When i came out last year i expected life to move on at a good pace. I saw the doctors, got referred to the GI clinic at Charing Cross, i, with great sorrow, split from my long term partner and moved back with my parents to save money for my new life. My expectations were high, i was, in the last month of the lease to my old flat, living part time. I came out to work and i was surprised at the level of support i received, which was very positive and filled my heart with joy and determination. I knew i had to start living full time and i was really focused but since that time (Dec 2011) until now, some six months later i have hit a brick wall. Work are still waiting for me to start and i have had a change in management which mean teling a new boss my situation, someone i hardly know or see.
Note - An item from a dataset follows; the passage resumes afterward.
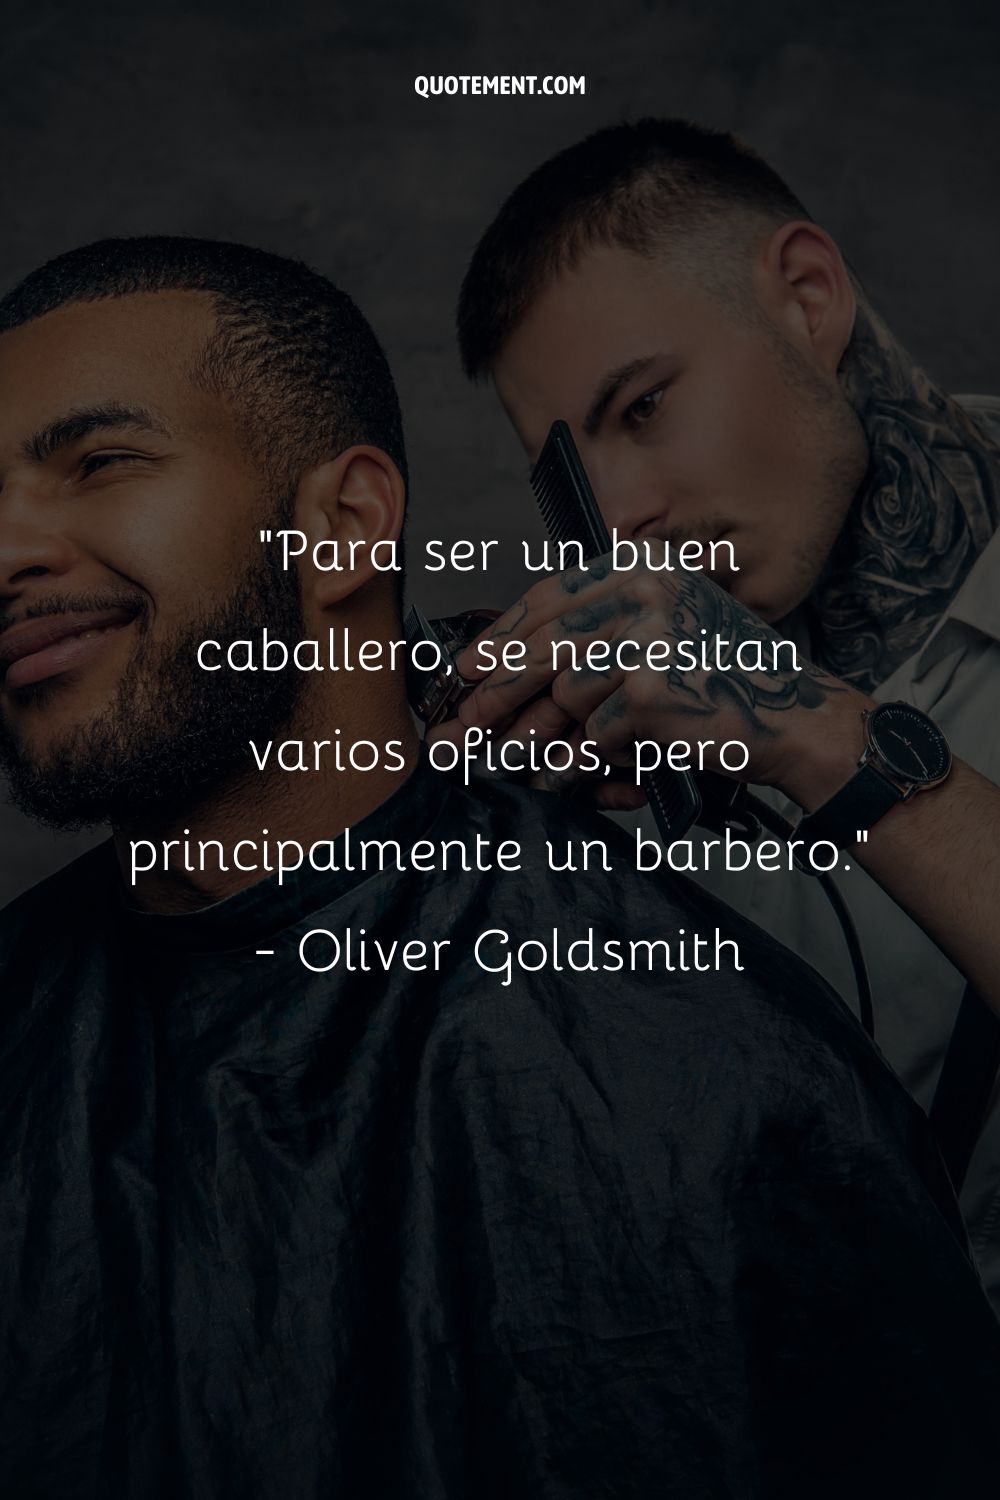 Para ser un buen caballero se necesitan varios oficios, pero sobre todo el de barbero. - Oliver Goldsmith

The first month after was a dark period in my life as i struggled to get over the loss of my girlfriend, my soul mate who i miss more than i can ever truly express and i felt in a daze as i was left with the aftermath of my decision. Since that day until now i feel as though i haven't moved forward at all. i expected news from the NHS to take a few months and i was surprised and shocked to discover my doctors referral took five months to get to the Gender Identity clinic. Now, my expectations, after talking with some of the MTF members of this site, were put into perspective, it would be slow, very slow and no overnight miracle. I am a realist at heart and i realised i had to make the choice to live full time. no doctors could do that for me, in fact if i proved i had made the transition and adjusted well this would aid me a great deal but my own expectations proved to be too grand. I expected to be much farther along than i am now. I am like a dog chasing its own tail and it is making me dizzy and lose heart.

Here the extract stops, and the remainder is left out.